У карусели синяя, из синего атласа, крыша, по карнизам висят осенние быстрые тучки, как будто и впрямь размотано кружево с большого мотка и привешено низко над желтой жнивой, над лесом, лежащим вдали золотою каймой, над прозеленелым покосом – над черной, с лосниной на солнце морщиной мужицкой кривой борозды…
Крива борозда от мужицкого плуга, как крива и морщина на лбу с бисеринками пота – от думы, висящей, как птица за кормом, над этой кривой бороздой!..
Кое-где промелькнет вдали бугорок, покатый увал, едва заметный для глаза, как девичья грудь под рубашкой, а то – все равнина, равнина, равнина, а как поглядишь в эту равнинную ширь, и глаз не хватит, потому что конца ей не видно и нет.

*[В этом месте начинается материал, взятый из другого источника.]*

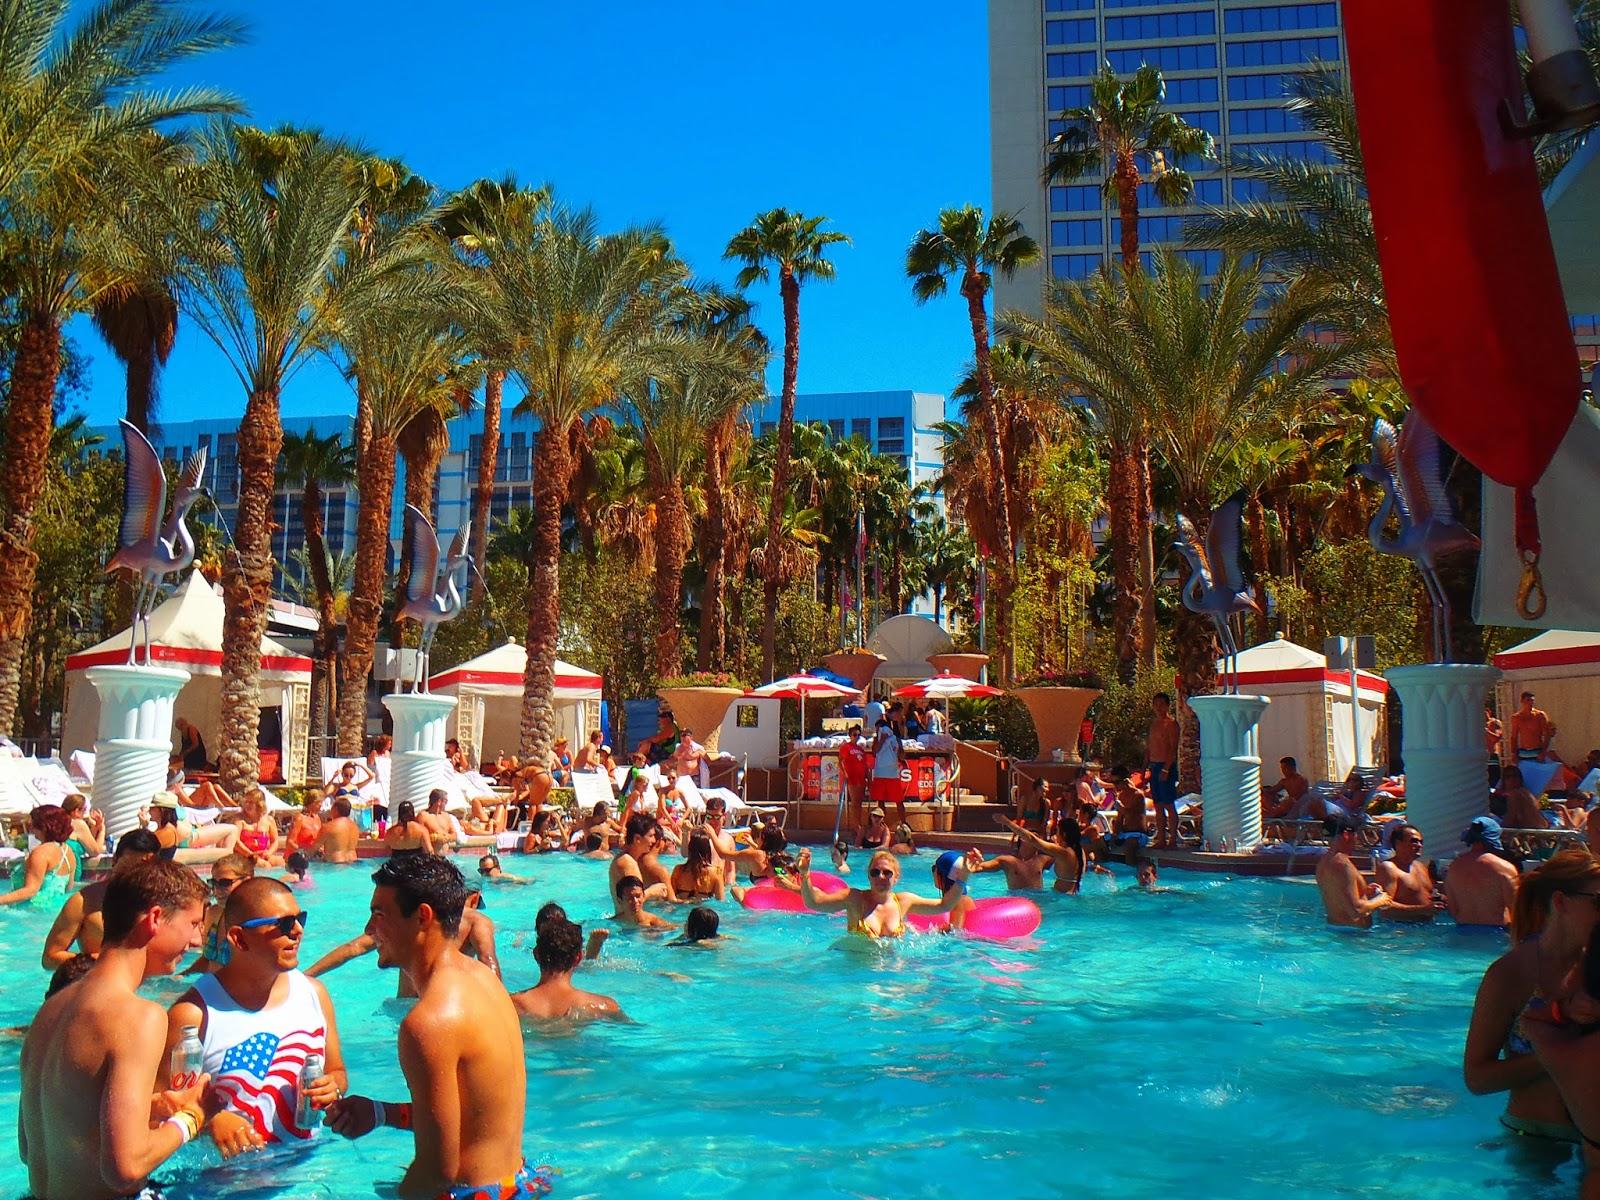 busy pool in sunny las vegas

Проезжал нашим полем когда-то большой богатырь но прозванью Буркан – сын мужичий, потерял он, должно быть, на Киев дорогу, а ехал из города Твери, – проезжал по нашему полю и в поисках верной дороги поднялся на стремя: хотел его край увидать, и не мог богатырь дотянуться до края глазами и полевую даль, Чертухино, наши покосы и поймы от всей души похвалил!

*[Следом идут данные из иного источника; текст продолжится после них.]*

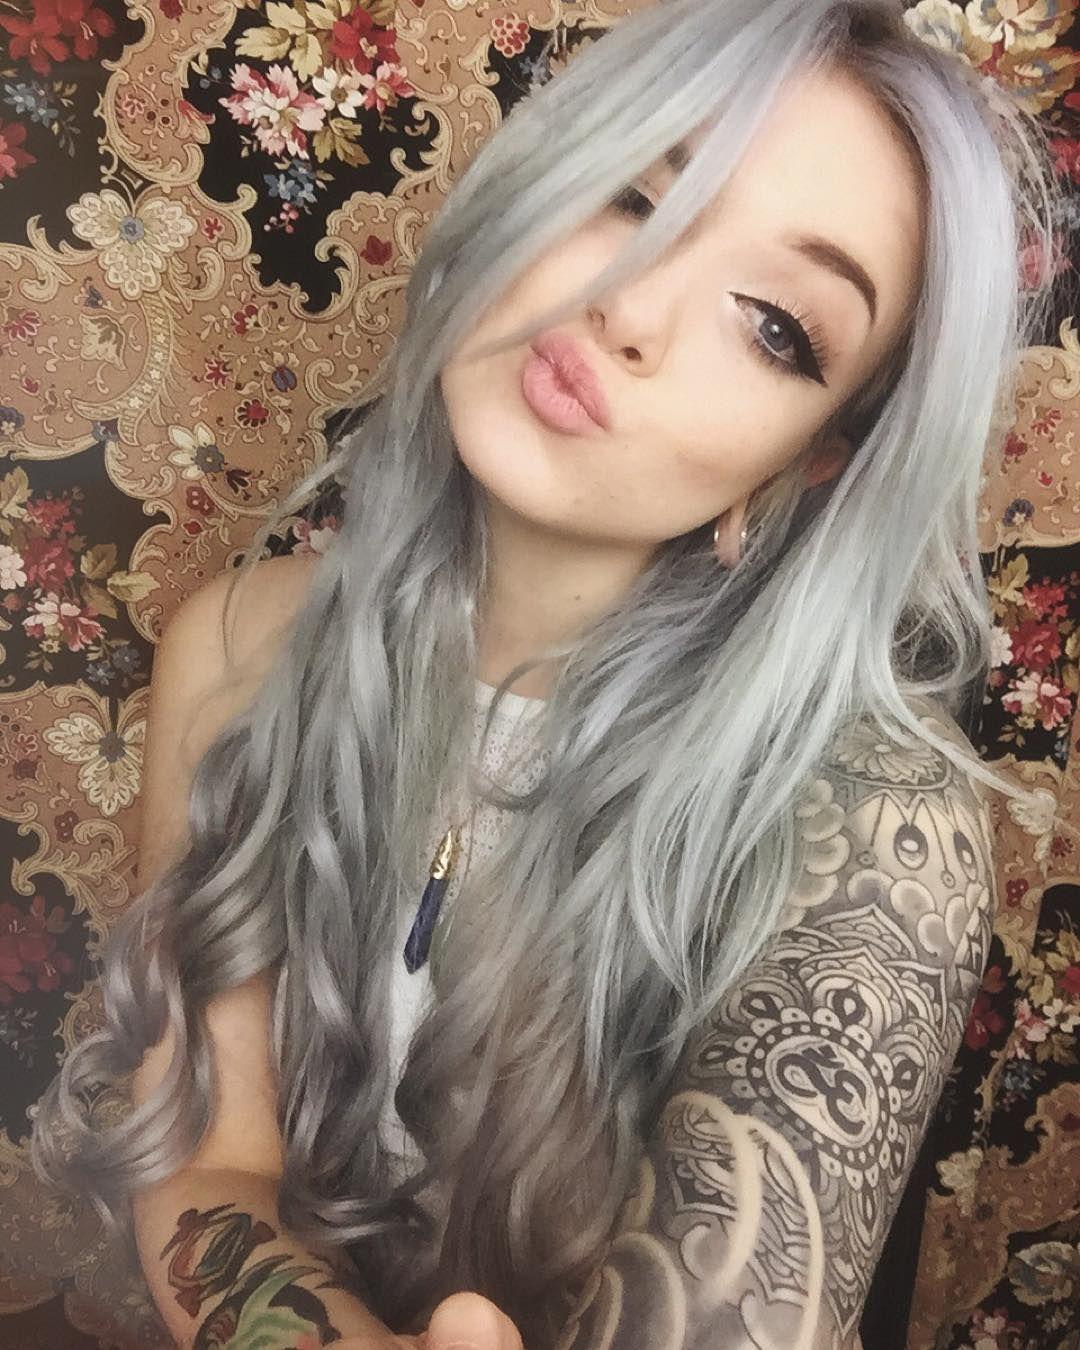 tattoo online dating

– Последний разок посмотрю, побываю, а там, может, закаюсь навек!
Луга покошены, нивы пожаты, и только кое-где, как диковину, увидишь средь сжатого поля кресты из снопов, стоят они солдатской шеренгой, расставивши ноги, и то ль их солдатка увезть не успела, то ль с горя, что мужа забрили в последний набор, об них позабыла совсем… стоят они, поджидая хозяйку, и с краю полос возле них – недожатый клин, свалявшийся с ветру и прибитый дождем, как грива на лошади, на которой катался всю ночь домовой.
«Идет на урон сторона, – думает Зайчик, глядя на эти кресты и на полосные борозды с краю, – идет на урон».

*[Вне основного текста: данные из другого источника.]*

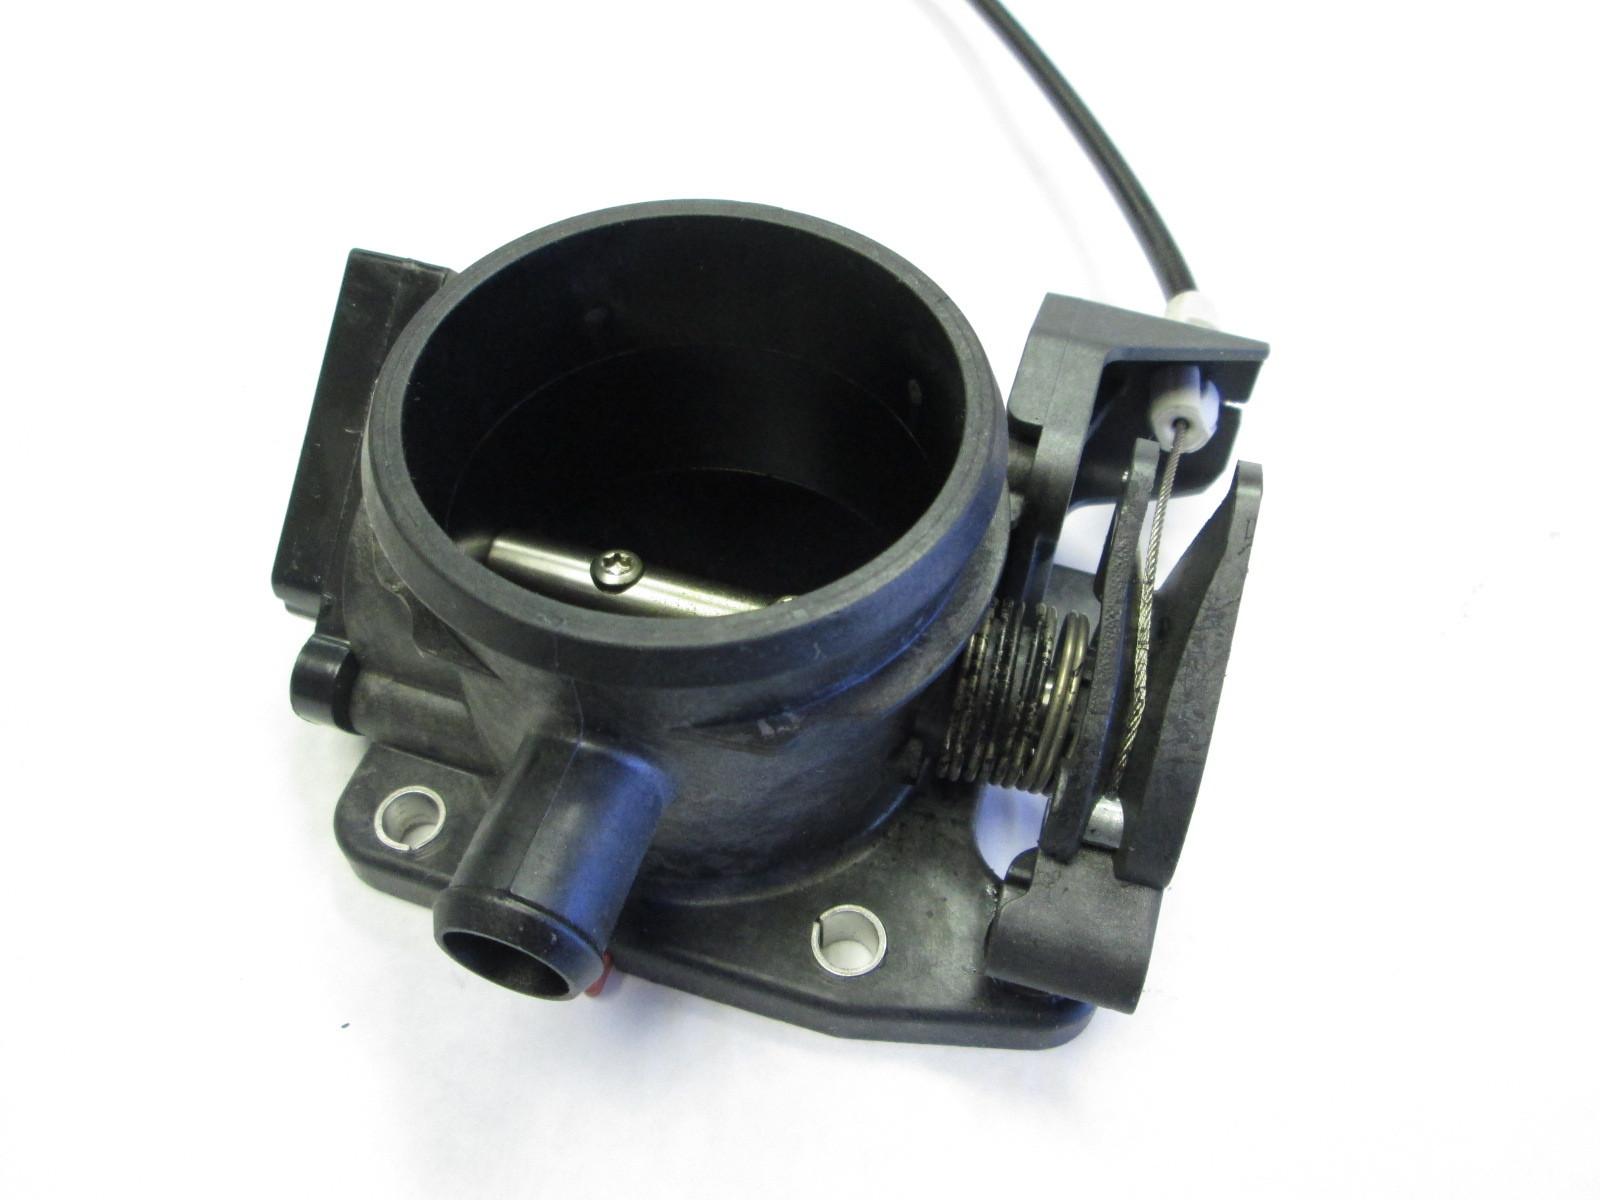 2013 mercury 115 Hp Outboard Motor troubleshooting 50 hp

– Луга-то, Петр Еремеич, убрали? – кинет Зайчик вопрос на подъеме – когда ямщик дает лошадям отдохнуть.
– В сарае! А сено нонешний год такое – только и есть самому!
Петр Еремеич ответит, спину ни накось, ни вбок не свернет и вожжи из рук ни на минуту не пустит, и спина перед глазами у Зайчика на облучке как щит широкий и крепкий, который разве на большом ухабе качнется вместе с кибиткой, а так – ни туда ни сюда!
Петр Еремеич ответит, только голову из ворота вытянет, повернув длинную шею, как гусь на кота:
– У нас, Миколай Митрич, теперь сено возят на бабах!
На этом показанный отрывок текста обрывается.